Seven issues in community-based research practice – Part 2

Daniel Reeders writes social marketing and public health strategy for a living.  He writes a blog, Bad Blood, about stigma and public health, and tweets as @onekind, for fun.

He has a Bachelor of Arts/Bachelor of Laws (Melbourne) and is currently enrolled in a Masters in Public Health at a university he prefers not to name in case he decides to write about it. His ORCID is 0000-0002-4876-7900


Safety first (Photo by Tseen Khoo)
Safety first (Photo by Tseen Khoo)

As mentioned in Part 1, these posts are a personal account based on things that went awry in my experience of community-based research. I have listed a couple of dot points on practical steps readers might consider to manage the risks I encountered, in case you are contemplating or currently working in a community-based research role.

I’m also keen to hear other experiences and perspectives of this form of research practice, either in the comments or by e-mail. A quick note: I never write or blog about my current place of work, and I’d encourage commenters to de-identify your own places of work.

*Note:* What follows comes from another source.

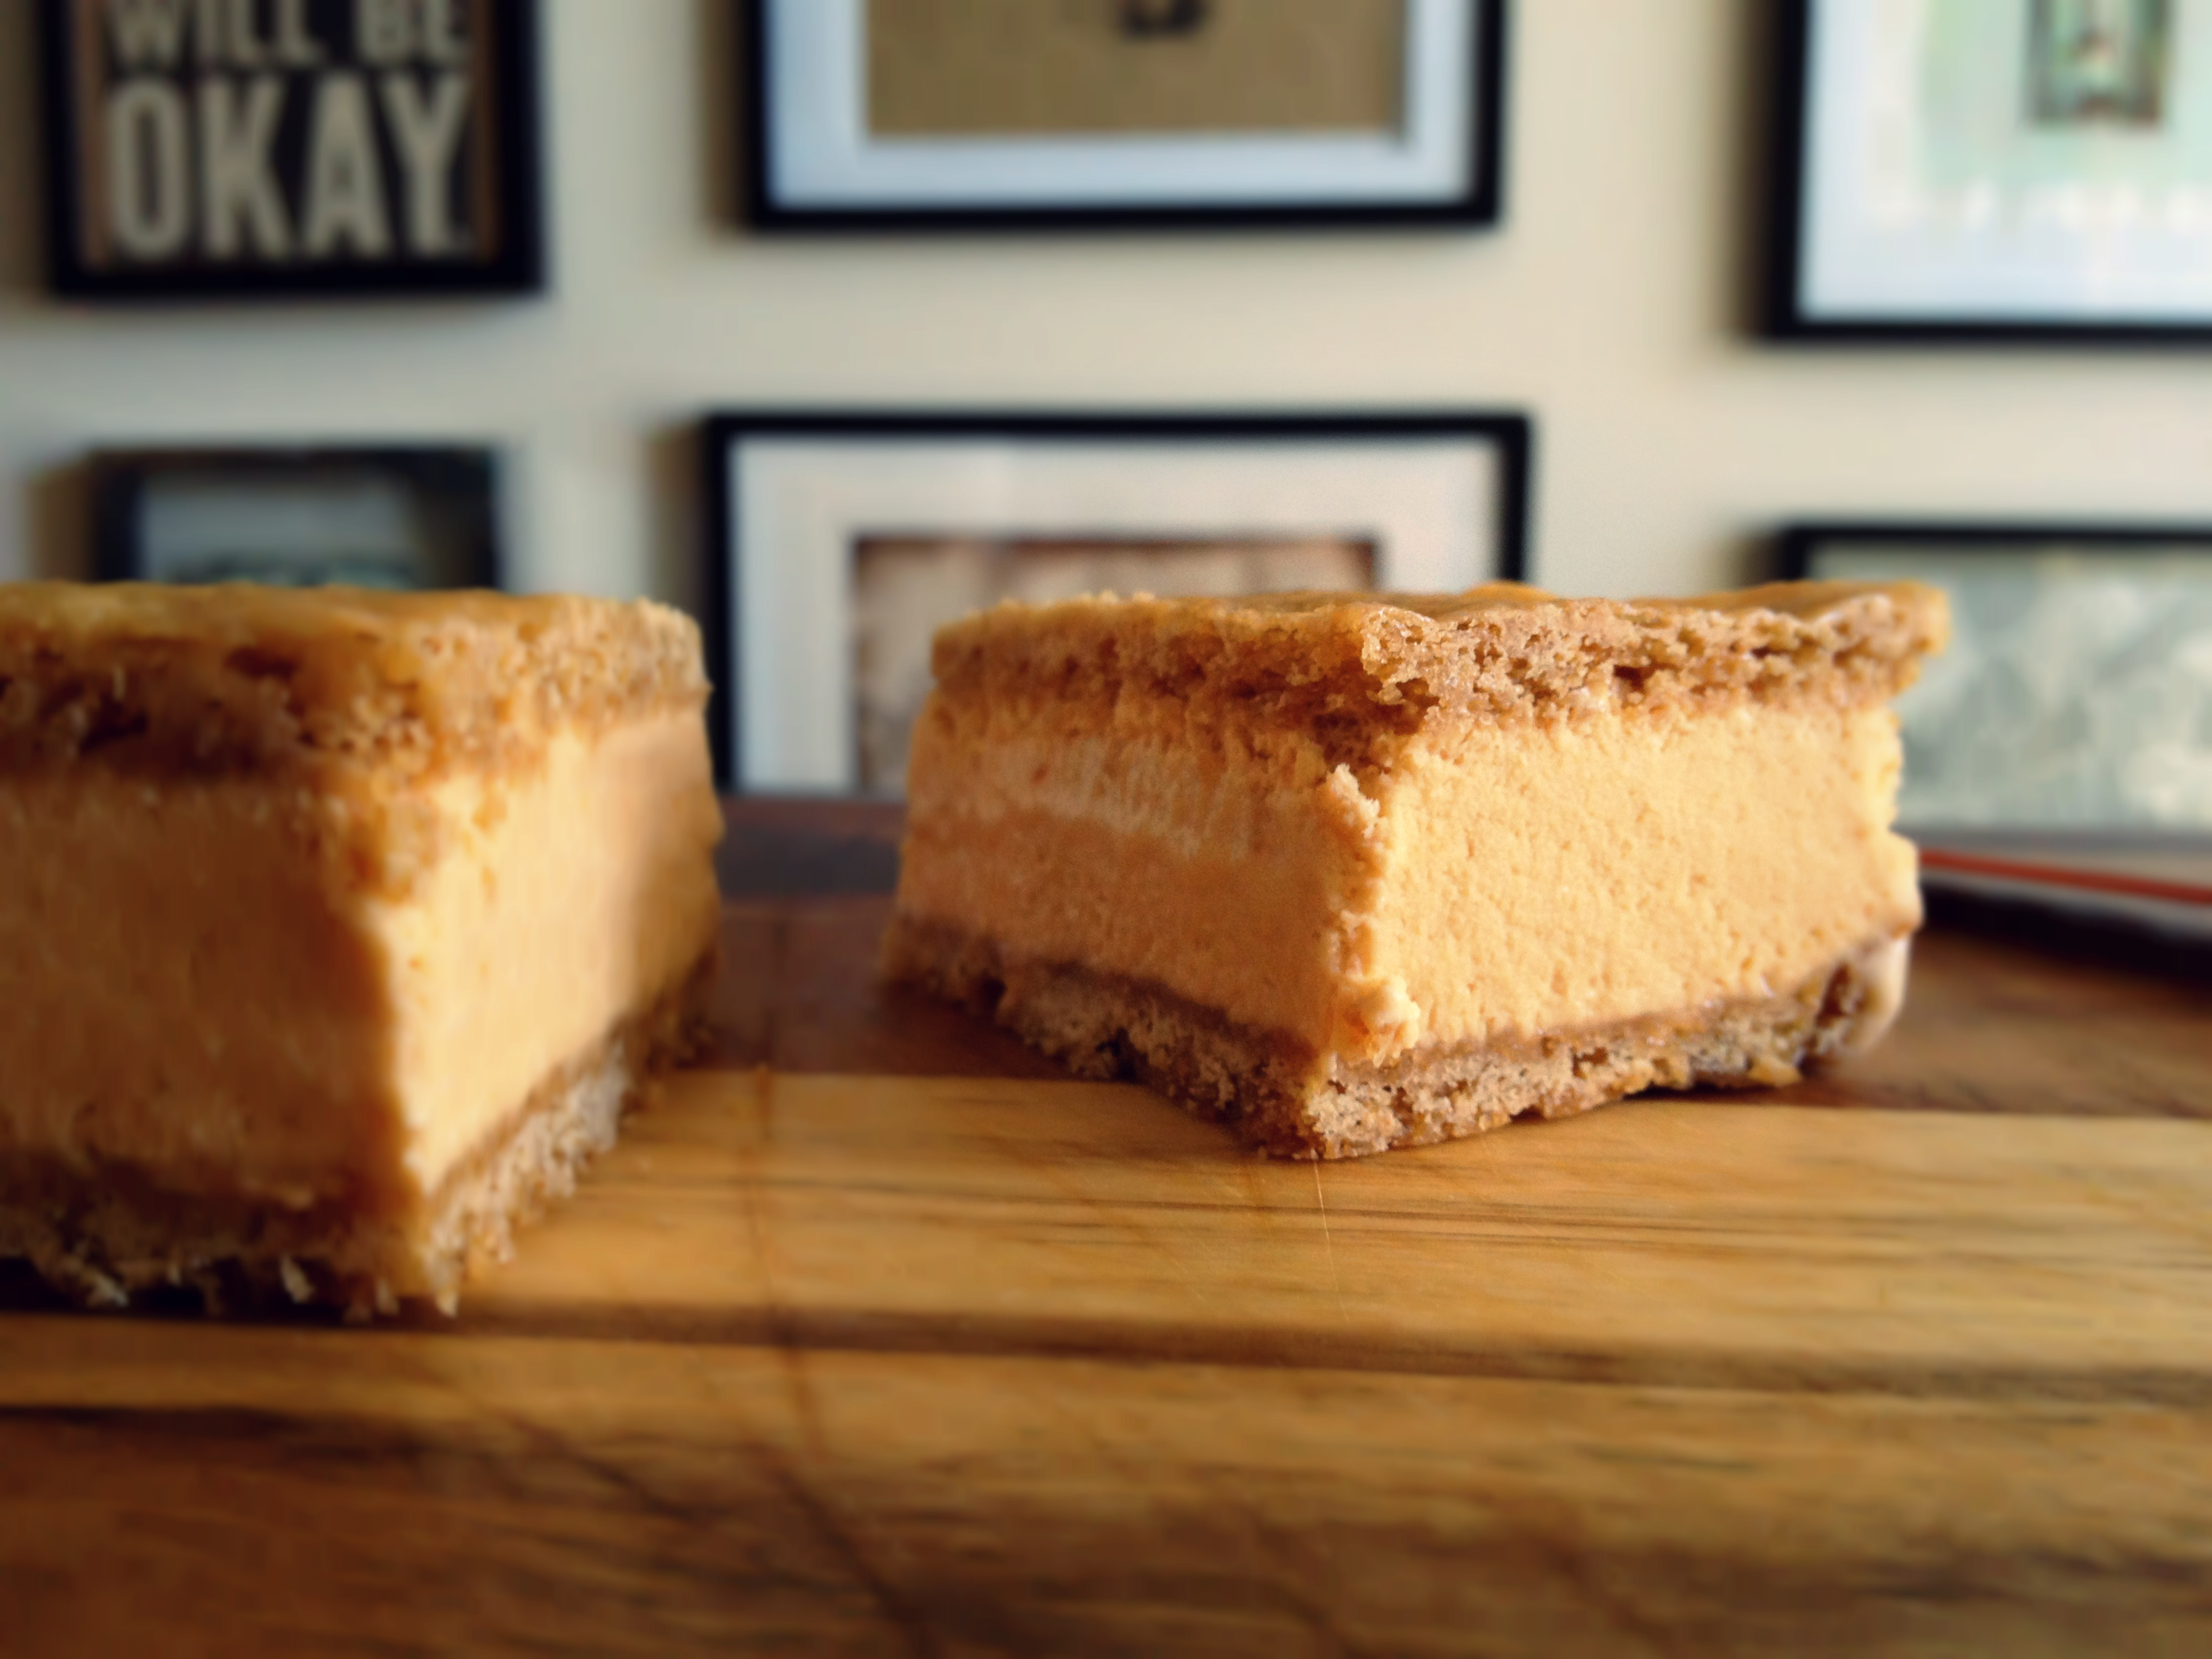 Brown Butter Sea Salt Caramel Ice Cream Sandwiches

Points 1-3 cover supervision, ethics and discipline, and they appear in Part 1.

4. Ownership

This is an extremely vexed issue in community-based research practice. In a community organisation the board will have a policy on who can speak on the organisation’s behalf. This is typically restricted to senior management.

Senior managers in some organisations misuse these policies, and require their staff to publish articles and submit conference abstracts in the senior managers’ names.

In this situation, working in that role will damage your career by creating a publication gap, and it will doubtless corrode your motivation as well.

  • Prevent: negotiate before starting – Who owns the work and end products? Who can put their name to it? What happens when you leave? Can you publish from it?

5. Methodology

There is a desperate need for a forum for community-based research workers to discuss methodology, to keep ourselves honest and for professional development.

Many projects with good intentions, interesting data, and thoughtful analyses are let down by shoddy methodology. I’m not judging; I’ve done it myself.***

Some adopt an empowerment based approach, but anonymise key informants so they don’t get credit for the knowledge they contribute to the report. Only the authors and the organisation do.

Some use constructivist methods to make probabilistic claims: ‘X are experts in their own lives and they think Y is a serious issue so this proves Y is prevalent in Victoria.’

Some use statistical analysis of numbers from tiny, non-random samples, or report percentages of agreement among focus group participants.

  • Prevent: if the problem is as serious as you think, don’t rush into action. Reflect on it: what kind of research can most credibly put this on the agenda? Am I really the person to do this work? What’s my ego investment in ‘helping’ here?

I’m certainly not saying ‘don’t do it’, though. In the competitive environment of the academy, it can be tricky to interest researchers in studying certain kinds of problem, like the ‘rare events in small groups’ scenario described in the introduction.

As it happens, these kinds of issue are made for community-based research.

Although ‘lack of evidence’ is often cited as an obstacle to action, there are plenty of issues with a rock solid ‘evidence base’ that receive little or no policy traction or program funding. Sometimes a good story, fairly told, is a better policy lever than any randomised controlled trial (RCT) study.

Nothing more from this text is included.